But I kept looking at the pattern. The generalization of the Null Object pattern is Nothing, and a present instance is Just that something.

I had implemented non-monadic Maybe.

And the problem with that is that none of the power of Maybe, as a Monad, is available to a generalized Null Object pattern.

Put another way: I wish to do something given that something is present.

Put another-another way: bind.

So, after a long hard look ('do I really want to implement monads? Can't I just settle for 'good enough' ... that really isn't good enough?), I buckled down to do the work of implementing not just Maybe (heh: 'Just Maybe'), but Monad itself.

Did it pay off? Yes, but wait and see. First the implementation. But even before that, let's review what a monad is.

What the Hell is a Monad?

Everybody seems to ask this question when first encountering monads, and everybody seems to come up with their own explanations, so we have tutorials that explain Monads as things as far-ranging from spacesuits to burritos.

My own explanation is to punt ... to category theory.

A monad is simply a triple (that's why it's called a monad, ... because it's a triple), defined thusly:

(T, η, μ)

Simple right?

Don't leave me!

Okay, yes. I understand you are rolling your eyes and saying 'well, that's all Greek to me.'

So allow me to explain in plain language the monad.

Monad is the triple (T, η, μ) where

  • T is the Monad Functor
  • η is the unit function that lifts an ordinary object (a unit) into the Monad functor; and,
  • μ is the join function that takes a composed monad M (M a) and returns the simplified type of the composition, or M a.

And that is (simply) what the hell a Monad is. What a monad can do ... well, there are articles galore about that, and, later, I will provide examples of what Monad gives us ... in Java, no less.

The Implementation

We need to work our way up to Monad. There's a whole framework, a way of thinking, a context, that needs to be in place for Monad to be effective or even to exist. Monad is 'happy' in the functional world, so we need to implement functions.

Or more correctly, 'functionals' ... in Haskell, they are called 'Functors.'

A functor is a container, and the function of functors is to take an ordinary function, which we write: f: a → b (pronounced "the function f from (type) a to (type) b" and means that f takes an argument of type a and returns a result of type b), and give a function g: Functor a → Functor b.

Functor basically is a container for the function fmap: Functor f ⇒ (a → b) → (f a → f b)

Well, is Functor the fundamental type? Well, yes and no.
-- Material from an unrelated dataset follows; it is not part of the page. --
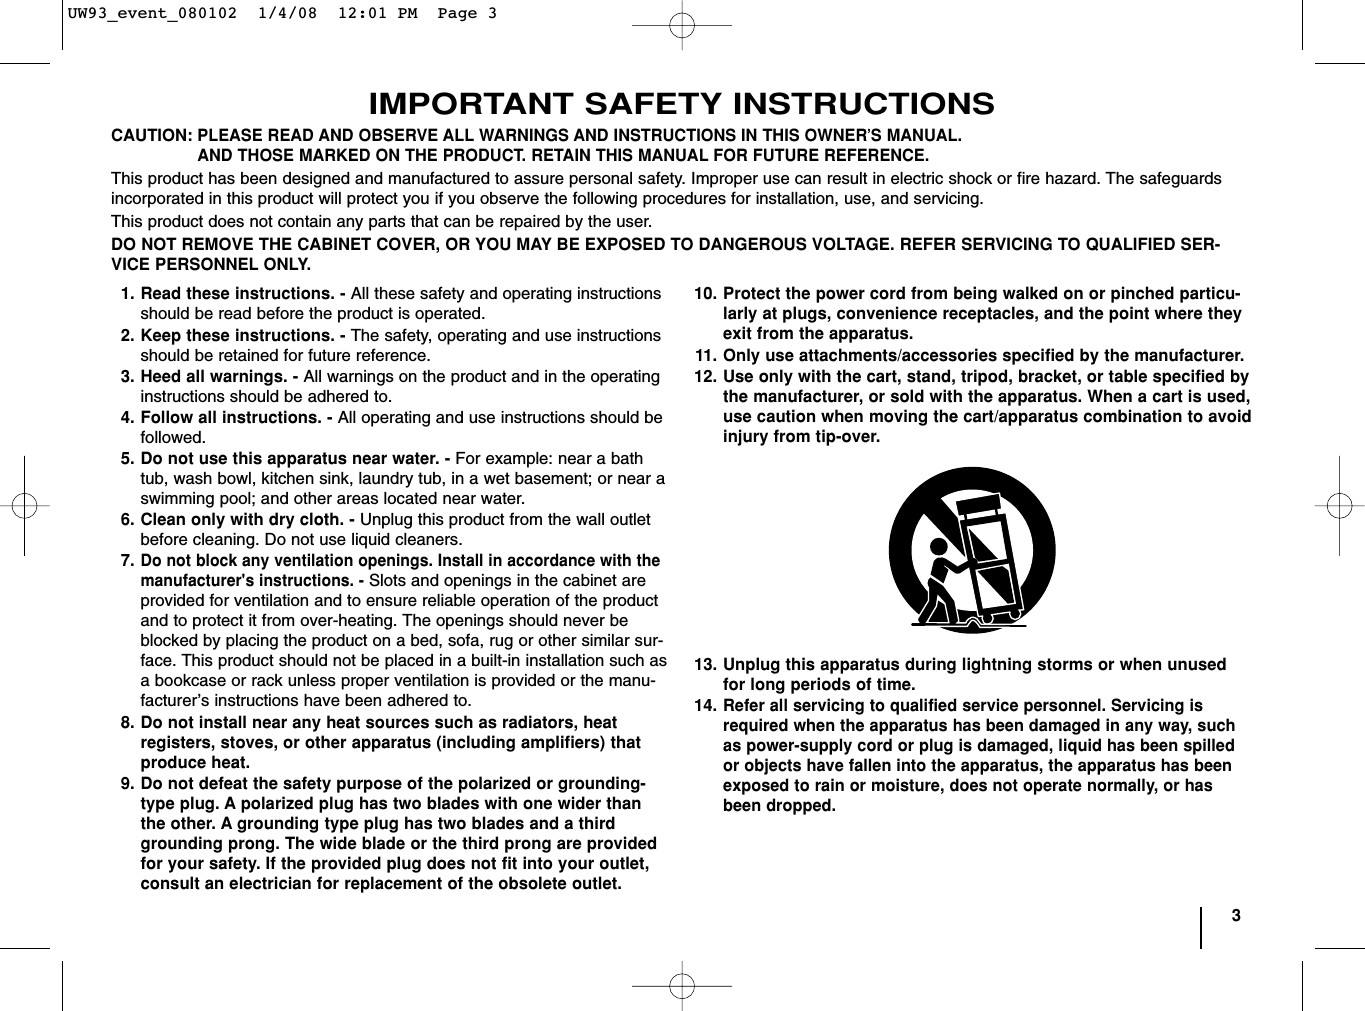 3IMPORTANT SAFETY INSTRUCTIONSCAUTION:PLEASE READ AND OBSERVE ALL WARNINGS AND INSTRUCTIONS IN THIS OWNER’S MANUAL. AND THOSE MARKED ON THE PRODUCT. RETAIN THIS MANUAL FOR FUTURE REFERENCE.This product has been designed and manufactured to assure personal safety. Improper use can result in electric shock or fire hazard. The safeguardsincorporated in this product will protect you if you observe the following procedures for installation, use, and servicing.This product does not contain any parts that can be repaired by the user.DO NOT REMOVE THE CABINET COVER, OR YOU MAY BE EXPOSED TO DANGEROUS VOLTAGE. REFER SERVICING TO QUALIFIED SER-VICE PERSONNEL ONLY.1. Read these instructions. - All these safety and operating instructionsshould be read before the product is operated.2. Keep these instructions. - The safety, operating and use instructionsshould be retained for future reference.3. Heed all warnings. - All warnings on the product and in the operatinginstructions should be adhered to.4. Follow all instructions. - All operating and use instructions should befollowed.5. Do not use this apparatus near water. - For example: near a bathtub, wash bowl, kitchen sink, laundry tub, in a wet basement; or near aswimming pool; and other areas located near water.6. Clean only with dry cloth. - Unplug this product from the wall outletbefore cleaning. Do not use liquid cleaners.7.Do not block any ventilation openings. Install in accordance with themanufacturer&apos;s instructions. - Slots and openings in the cabinet areprovided for ventilation and to ensure reliable operation of the productand to protect it from over-heating. The openings should never beblocked by placing the product on a bed, sofa, rug or other similar sur-face. This product should not be placed in a built-in installation such asa bookcase or rack unless proper ventilation is provided or the manu-facturer’s instructions have been adhered to.8. Do not install near any heat sources such as radiators, heat registers, stoves, or other apparatus (including amplifiers) thatproduce heat. 9. Do not defeat the safety purpose of the polarized or grounding-type plug. A polarized plug has two blades with one wider thanthe other. A grounding type plug has two blades and a thirdgrounding prong. The wide blade or the third prong are providedfor your safety. If the provided plug does not fit into your outlet,consult an electrician for replacement of the obsolete outlet.10. Protect the power cord from being walked on or pinched particu-larly at plugs, convenience receptacles, and the point where theyexit from the apparatus.11. Only use attachments/accessories specified by the manufacturer.12. Use only with the cart, stand, tripod, bracket, or table specified bythe manufacturer, or sold with the apparatus. When a cart is used,use caution when moving the cart/apparatus combination to avoidinjury from tip-over.13. Unplug this apparatus during lightning storms or when unusedfor long periods of time.14.Refer all servicing to qualified service personnel. Servicing isrequired when the apparatus has been damaged in any way, suchas power-supply cord or plug is damaged, liquid has been spilledor objects have fallen into the apparatus, the apparatus has beenexposed to rain or moisture, does not operate normally, or hasbeen dropped.UW93_event_080102  1/4/08  12:01 PM  Page 3

It is, given that we have functions defined. In Java, we don't have that. We have methods, yes, but we don't have free-standing functions. Let's amend that issue:


  public interface Applicable<T1, T2> {
      public T2 apply(T1 arg) throws Failure;
  };

And what's this Failure thingie? It's simply a functional exception, so:


  public class Failure extends Exception {
      public Failure(String string) { 
          super(string); 
      }
  

/// and the serialVersionUID for serialization; your IDE can define that }

I call a Function 'Applicable' because in functional languages that's what you do: apply a function on (type) a to get (type) b. And, using Java Generics terminology, type a is T1 and type b is T2. So we're using pure Java to write pure Java code and none will be the wiser that we're actually doing Category Theory via a Haskell implementation ... in Java, right?

Right.

So, now we have functions (Applicable), we can provide the declaration of the Functor type:


  public interface Functor<F, T> {
       public <T1> Applicable<? extends Functor<F, T>,
                              ? extends Functor<F, T1>>
          fmap(Applicable<T, T1> f) throws Failure;
  

public T arg() throws Failure; }

The above definition of fmap is the same declaration (in Java) as its functional declaration: it takes a function f: a → b and gives a function g: Functor a → Functor b

Okay, we're half-way there. A Monad is a Functor, and we have Functor declared.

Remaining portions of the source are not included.